▸ **WHAT TO DO**: What you write must match, character for character, the lines from the one with "Комплект кулеров для" down to the one with "Flannel shirt vintage" in the listing below, minus its pictures.

▸ **DATASET**:
● ● ● ● ● ● ●
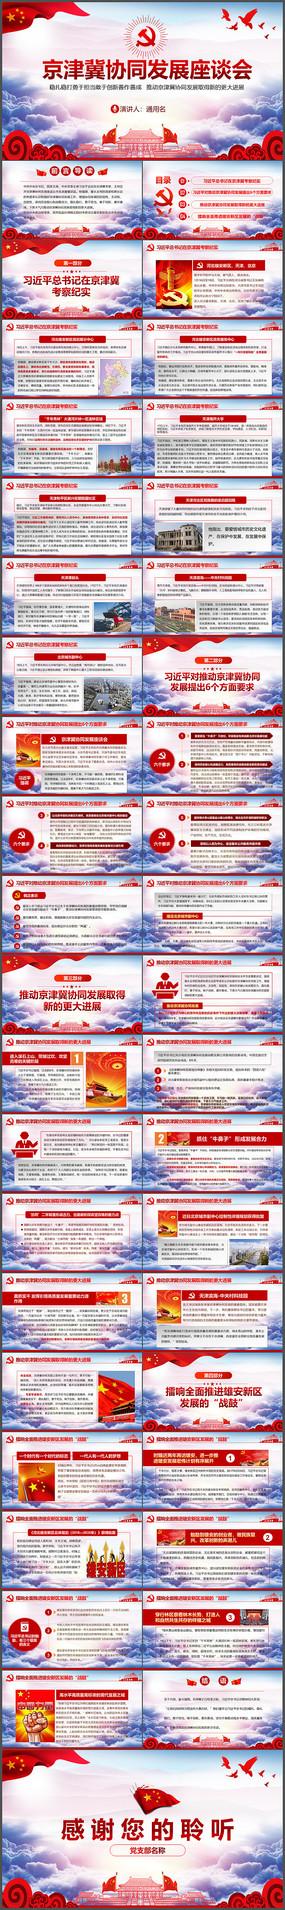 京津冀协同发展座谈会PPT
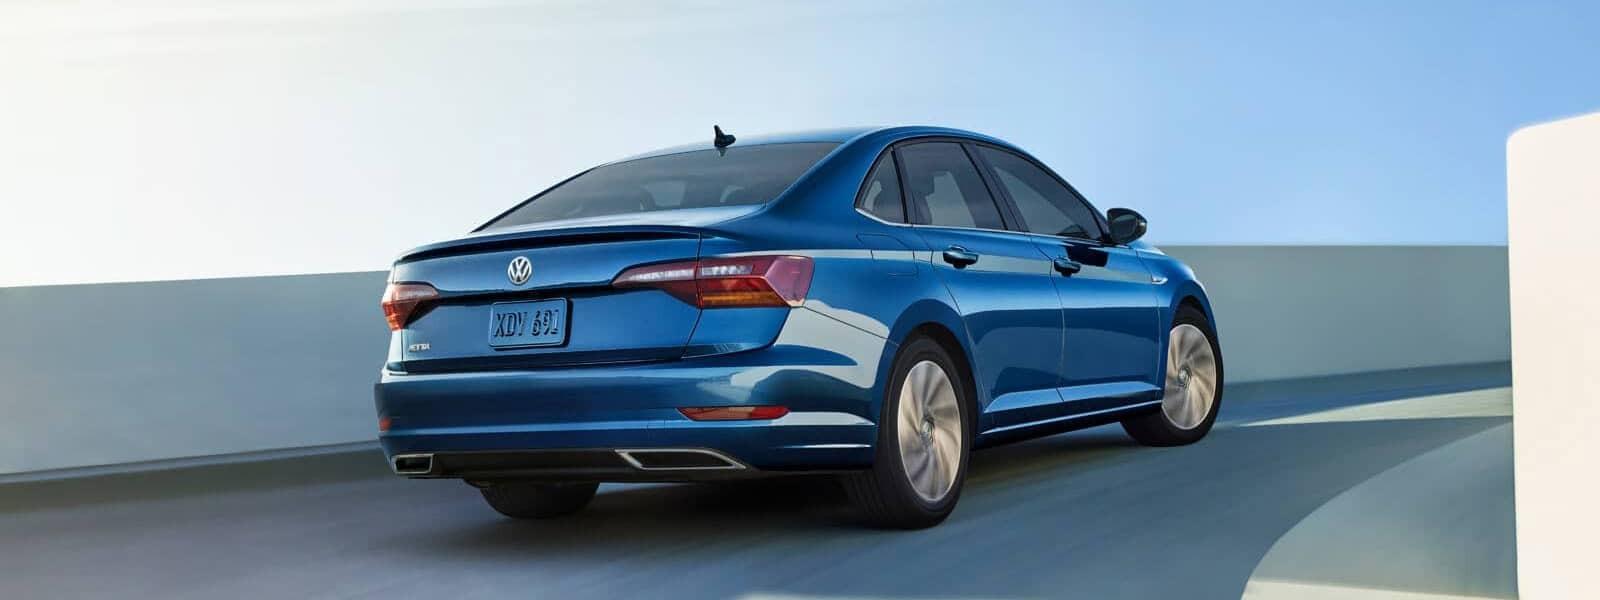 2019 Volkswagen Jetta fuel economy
● ● ● ● ● ● ●
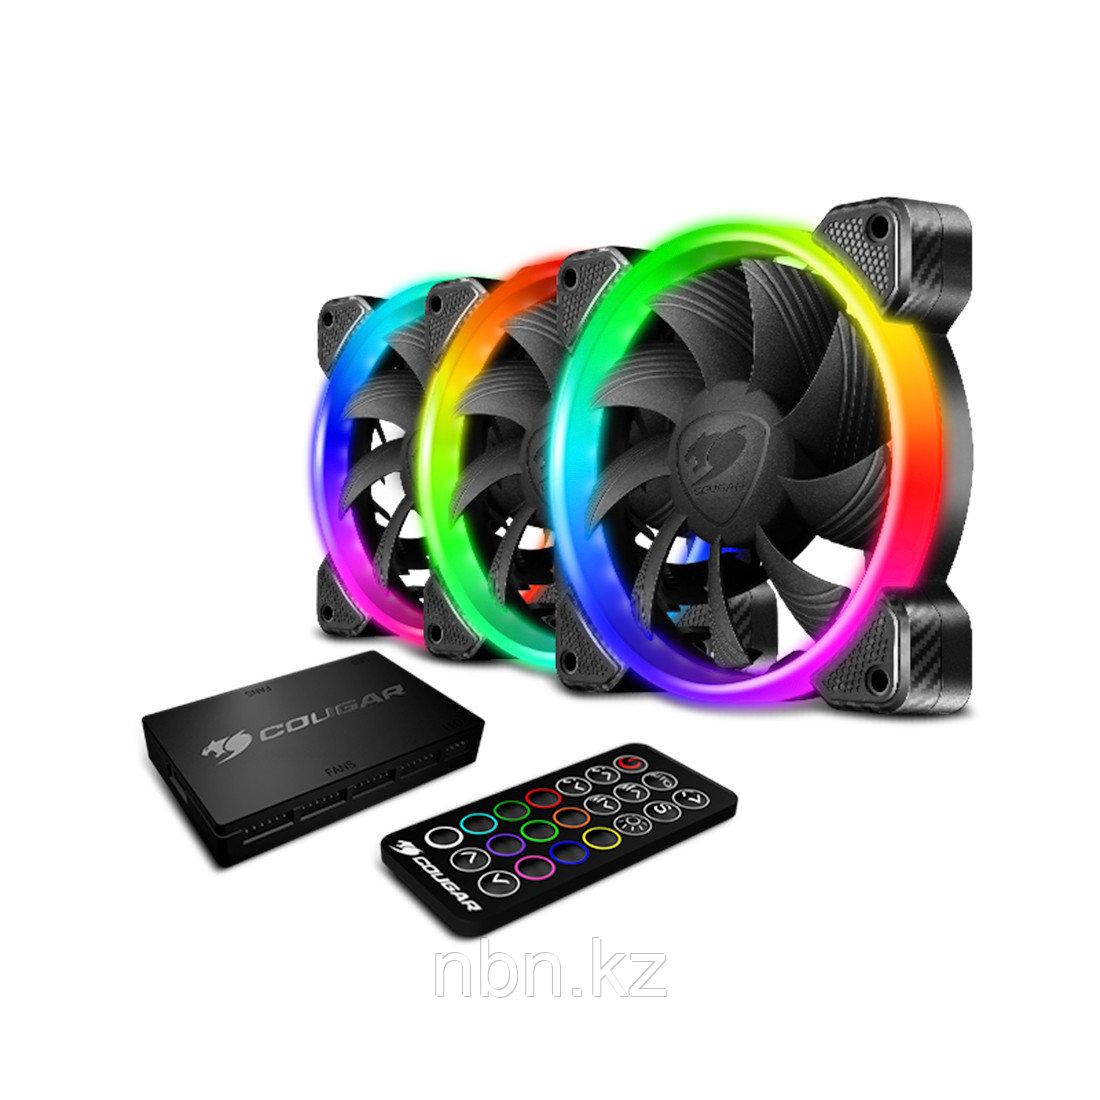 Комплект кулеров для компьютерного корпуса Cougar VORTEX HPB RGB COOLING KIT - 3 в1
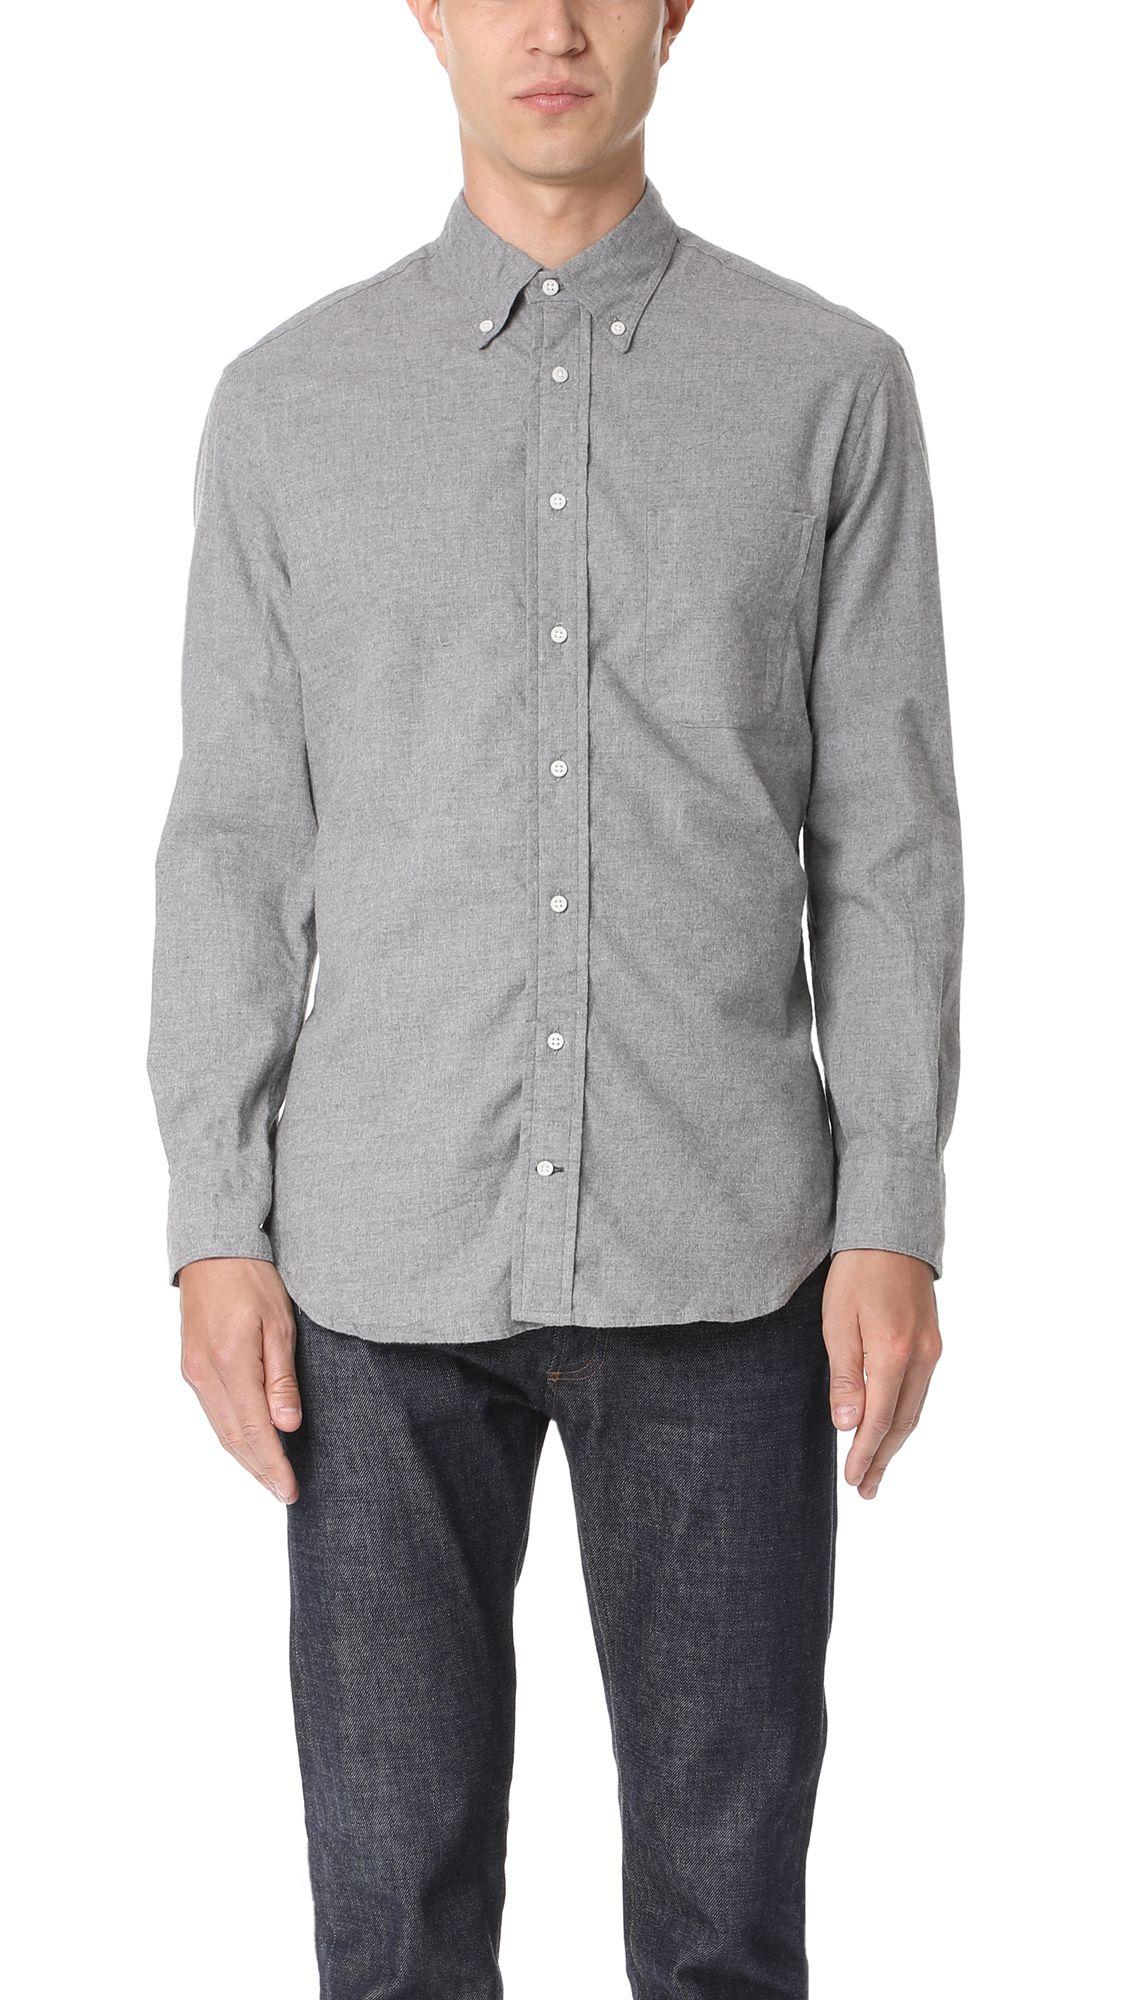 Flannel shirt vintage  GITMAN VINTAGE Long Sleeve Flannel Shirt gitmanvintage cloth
● ● ● ● ● ● ●
▸ **OUTPUT**:
 Комплект кулеров для компьютерного корпуса Cougar VORTEX HPB RGB COOLING KIT - 3 в1
 Flannel shirt vintage  GITMAN VINTAGE Long Sleeve Flannel Shirt gitmanvintage cloth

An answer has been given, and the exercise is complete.